I made sure I used this event to practise fuelling, something I’m not always on top of in training and something I didn’t get quite right in the marathon last year. At this event though, it was going to plan. I knew my Mum was somewhere around mile five/six having come to London for the day to support me, and before too long I saw her. She was at a part of the course which doubles back on itself so I saw her twice.

Mum then planned to see me at mile six/seven, but post event we’ve decided she was actually at mile eight and wasn’t quite where she thought she was and then moved on thinking she had missed me! All this time I was getting messages from friends with support (particularly Riny and Laura). My pace was still good, and I was feeling good. By this time, Matt and Elouise were in a play park and I wasn’t sure when I’d next see people, bar the finish.
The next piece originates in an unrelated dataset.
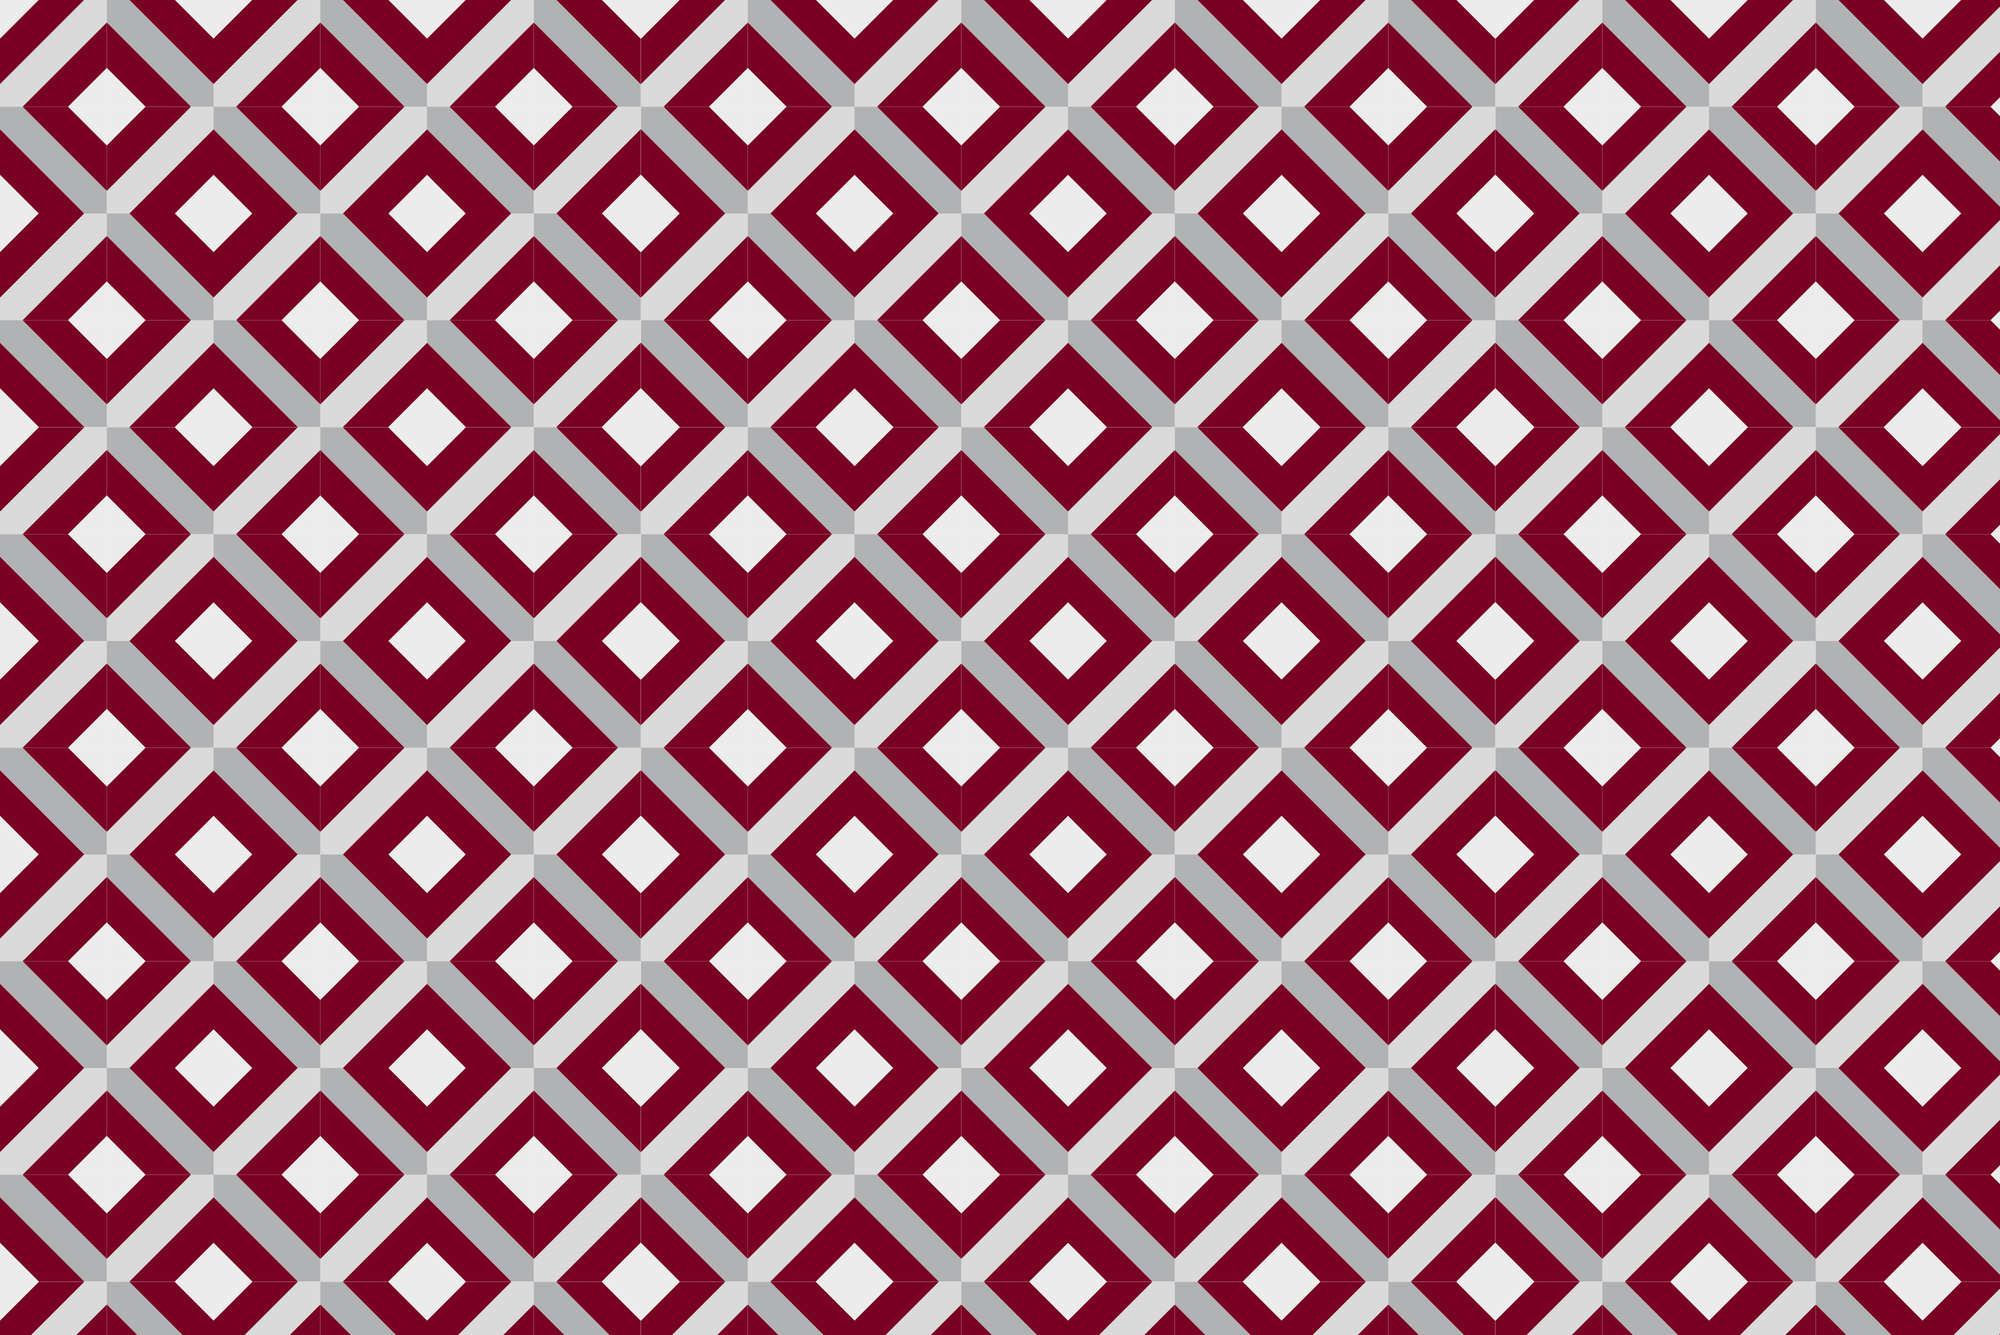             Designbehang doosmotief met kleine vierkantjes rood op mat glad vlies
        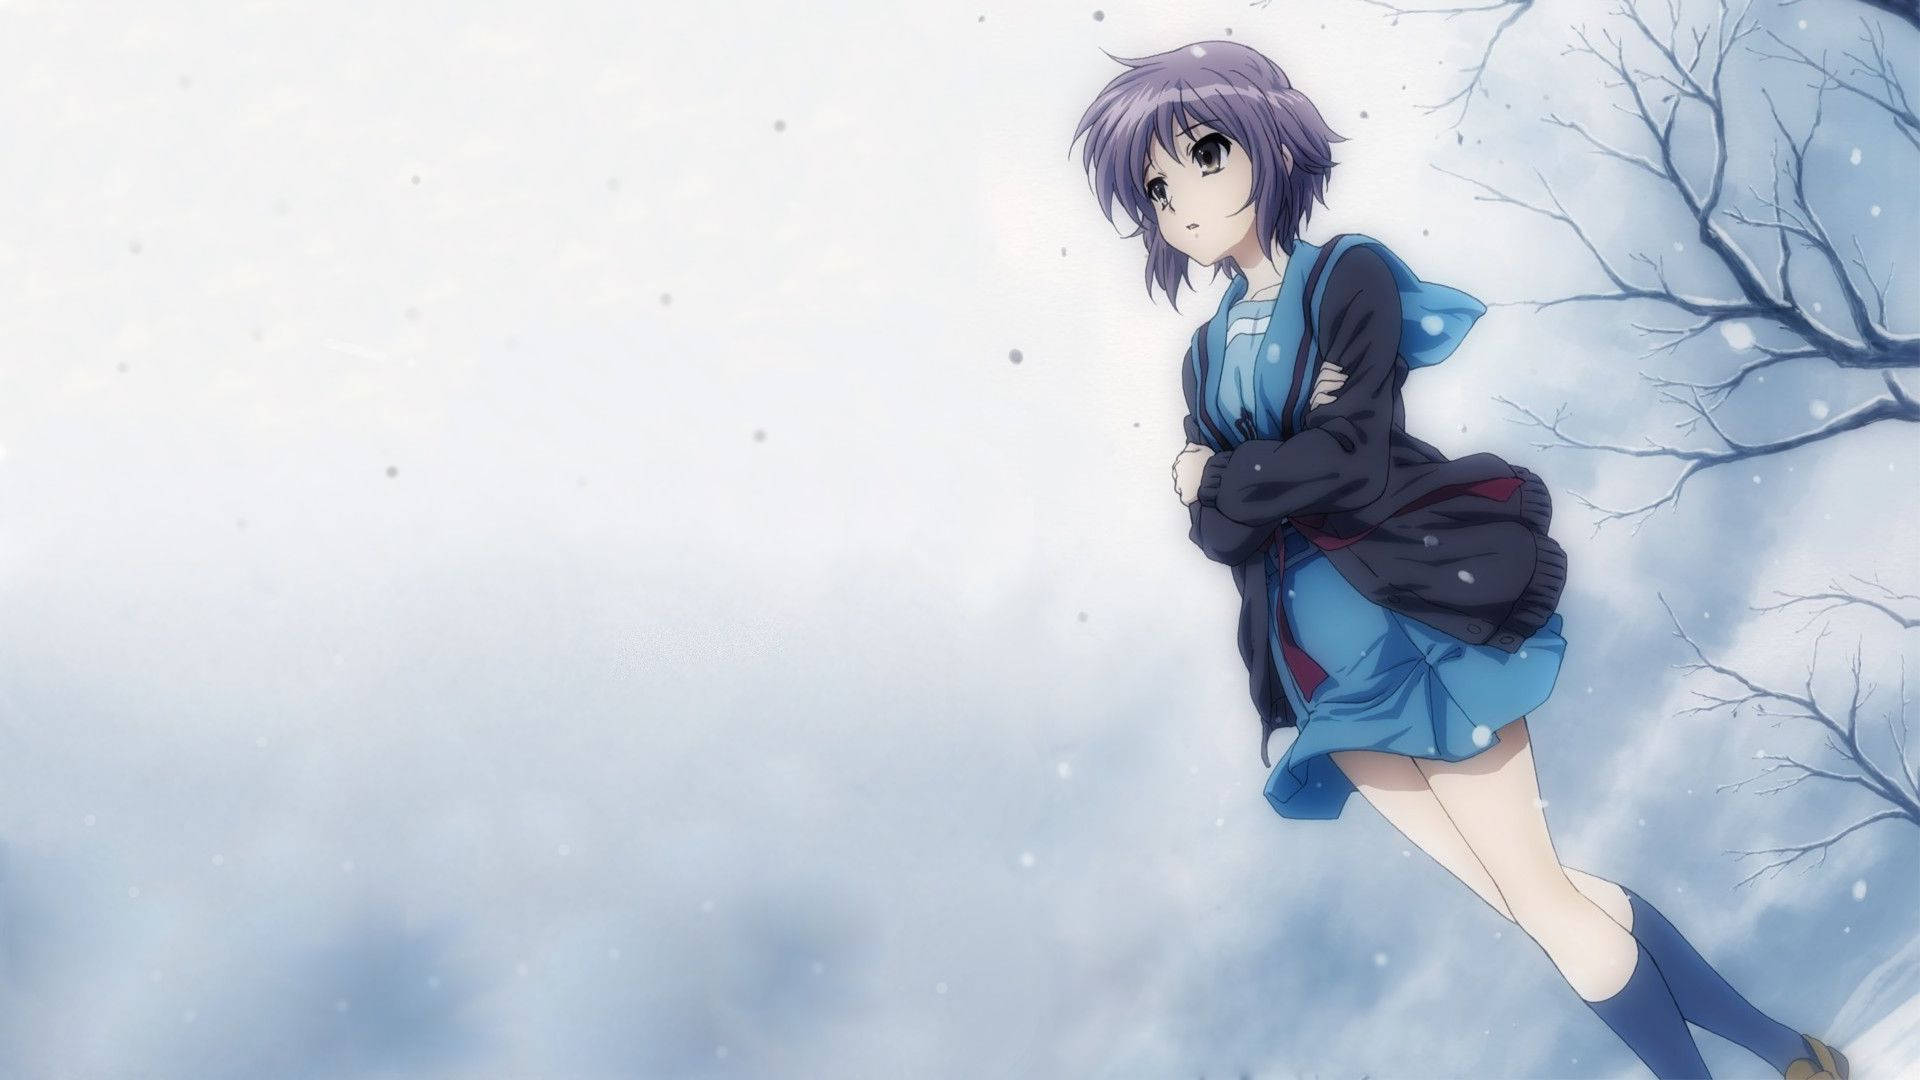 Sad Anime Alone Girl Aesthetic Background

Coming up to ten miles, the mental wall started to appear. It’s hard to describe, but it’s when you start to doubt yourself but for no logical reason – it’s just silly, the mind playing games. I never doubted I would finish, I knew I would, but my mind kept saying “it’s hot, feet hurt” etc and legs felt like I was wading through treacle. A lot of the course went out and back on itself, and sometimes I found that a little demoralising.

I knew my aim for the day was to be as close to three hours as possible and still my pace was good even if I was playing mind games with myself unintentionally. The 10 mile marker was at Tower Hill and I kept telling myself “just 5km left, that’s a short training session.” I messaged Riny and Laura and said “please keep the messages coming!” (they were tracking me on the app). I knew I had Matt, Elouise and Mum at the finish but it felt a way off. Suddenly, my friend and colleague Sarah was there – surprise! It was great to see her and she was with me for just under half a mile, we had a quick chat, and I carried on.

The end of the route felt it went on forever; just under three miles along the Embankment before a hairpin right in front of Big Ben, short section coming back on yourself, and then two 90Ls before the finish. Coming up to the 12 mile marker, both my watch and Strava (two separate tracking methods) told me I’d hit half marathon distance. As I’m slow, quite understandably I have to keep left, but it means extra distance. Half marathon time came up as 3:04, a personal best for me by 50 minutes, result!

At mile 12 were the London Show Choir, and they were singing Defying Gravity. I absolutely love my music and went past with my hands above my head clapping, and to have amazing music, singing and them all acknowledge me back was spine tingling.

I kept plodding up Embankment, and then it was time for the final slog! When I hit the 13 mile marker, I decided there was nothing left for it but a sprint finish. I kicked and just heard people shouting and cheering and my name; another spine tingling moment. I knew my family where somewhere there on the right but I couldn’t look, I could only see the finish. I remember seeing them in my peripheral vision and raising a hand, and I realised a couple of people were coming up on me, so my competitive spirit appeared and I kicked in harder to make the finish line as I didn’t want to be overtaken at that point (I wasn’t). And that was it!

Slow walking afterwards, medal collection and then I waited for my friends and family. Elouise came over and gave me the biggest hug (despite my sweaty state!) and then stayed with me. The event volunteers were kind enough to give her a finisher’s wristband which she hugely appreciated, I swapped to flip flops, and we found a local pub for some lunch. I never want to eat after training, but knew I needed to!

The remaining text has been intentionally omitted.